I had been meaning to read "Sunnyside" since I bought it in 2009, and I finally breezed through all 550 pages in a few days. "Sunnyside" is an enormously fun sweep through World War I focusing on three men --  a would-be engineer who rides the rails and then ends up in Russia fighting the Bolsheviks; a lighthouse keeper who through interlocking circumstances ends up with a pair of dogs in France; and Charlie Chaplin, who faces a crisis of confidence in his craft. All three are touched somehow by the same girl, who has her own story. Spirits and psychological comments on fame frame the novel. It doesn't cohere as much as Gold's exciting debut novel, "Carter Beats the Devil" (which delved into magic as well as  lots of other things and made my Best of the Aughts list), but Gold has a great talent for telling complicated stories and evoking historical periods, particularly San Francisco and Archangel, Russia. (The Allied invasion of Russia at the end of World War I is an unjustly forgotten episode in American history.
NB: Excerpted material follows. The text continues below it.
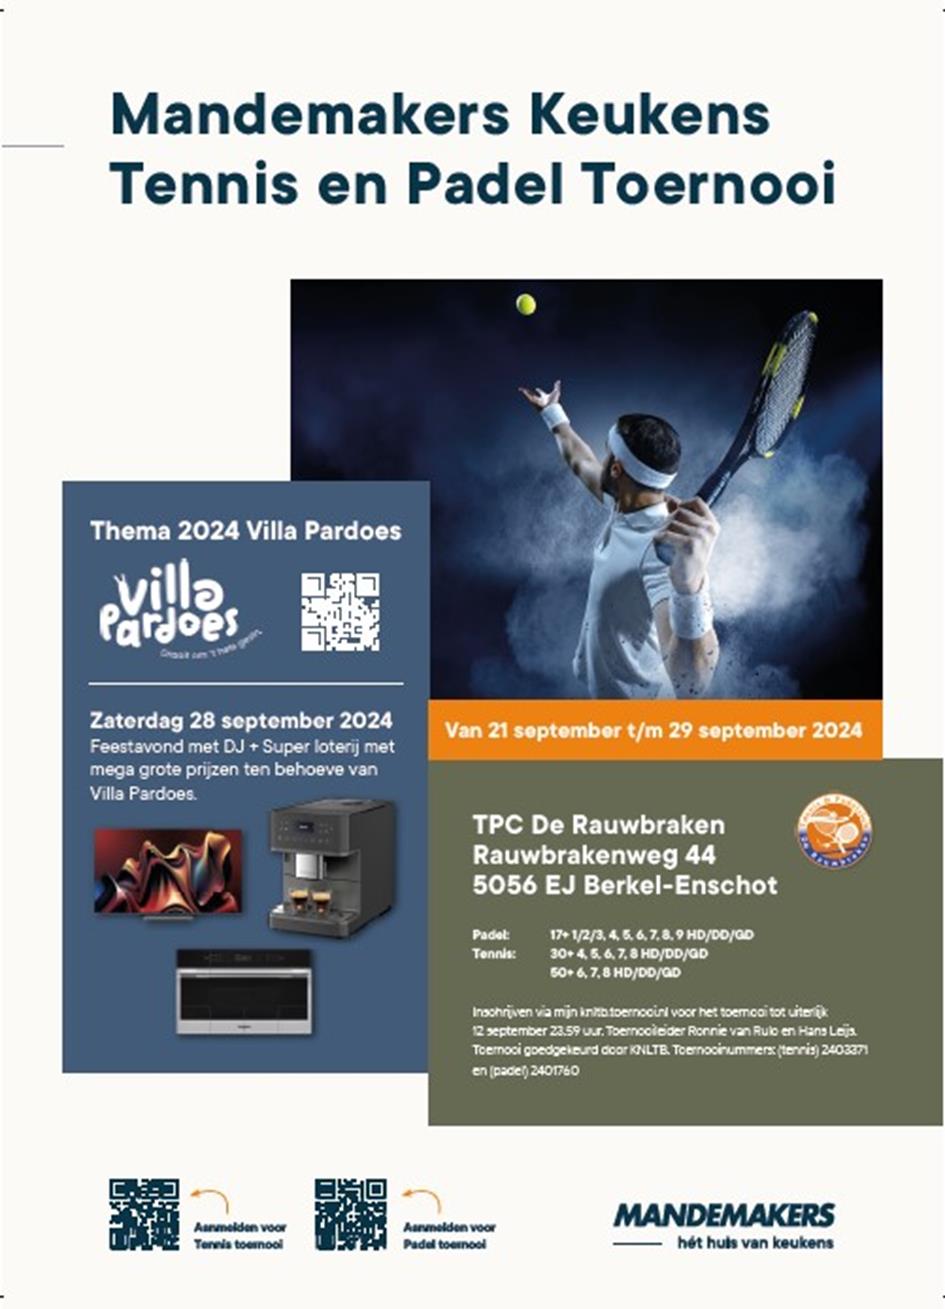 Mandemakers Keukens Open Tennis en Padel Toernooi 2024.jpg
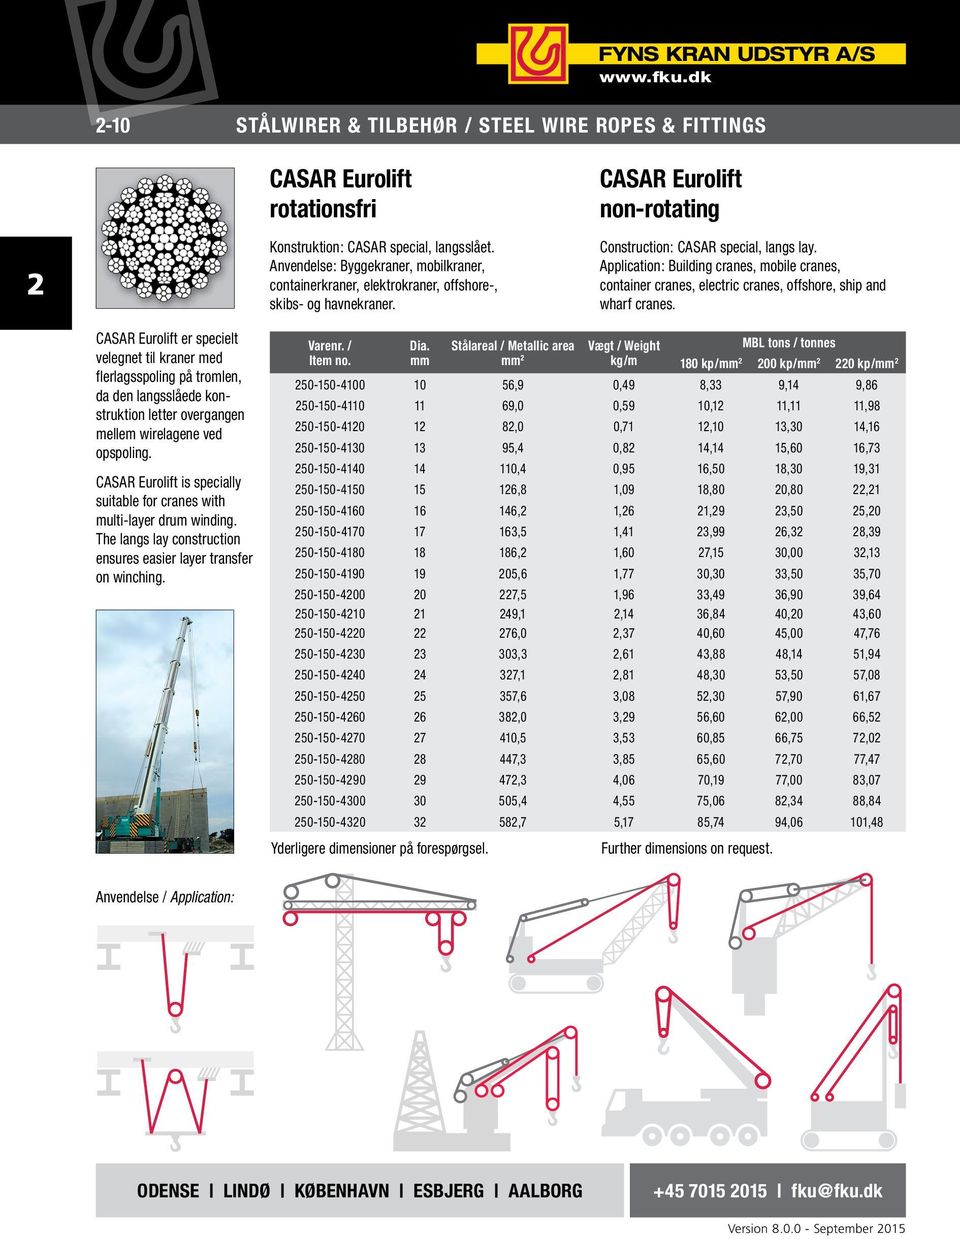 CASAR Eurolift er specielt velegnet til kraner med flerlags spoling på tromlen, da den langsslåede konstruktion letter over gangen mellem wirelagene ved opspoling.

I knew about it from my father, who knew about it from his father. My grandfather, who was in the Navy, was standing on a dock ready to sail to Russia when he fell over with the Spanish flu. He recovered, but he ended up not going.)

"The Nobodies Album" was published last year, and I picked up the paperback, which just came out. I've read Parkhurst's other novels, The Dogs of Babylon and Lost and Found (the latter made my best of the aughts list). This novel follows a novelist who, amid rewriting the endings of all her novels, discovers that her rock-star son has been charged with killing his girlfriend. Like "Our Tragic Universe," another novel tinged with metafiction about an author's personal life, "Nobodies" contemplates the nature of storytelling and leaves us wondering if the ending is actually true, or is the final one -- of course it's invented, but is it invented by Parkhurst or her main character? The male characters aren't as vividly drawn as the female characters (unlike Lost and Found), but I enjoyed the "endings" of the "fictional" novels and the narrator's exploration of her own life, which is in and of itself a story.

What I'm reading now: I picked up When I Lived in Modern Times by Linda Grant off my shelf. I bought it remaindered the same time I picked up a preorder for Deathly Hallows in 2007, so I gues it's about time to read it. The novel follows a Jewish woman who emigrates to Palestine near the founding of Israel. It's pretty short -- it's a warm-up to another long novel I want to read.

What I should read next: Either Darkmans by Nicola Barker or I'm going to read John Sayles' A Moment in the Sun, all 955 pages of it, before I have to take it back to the library.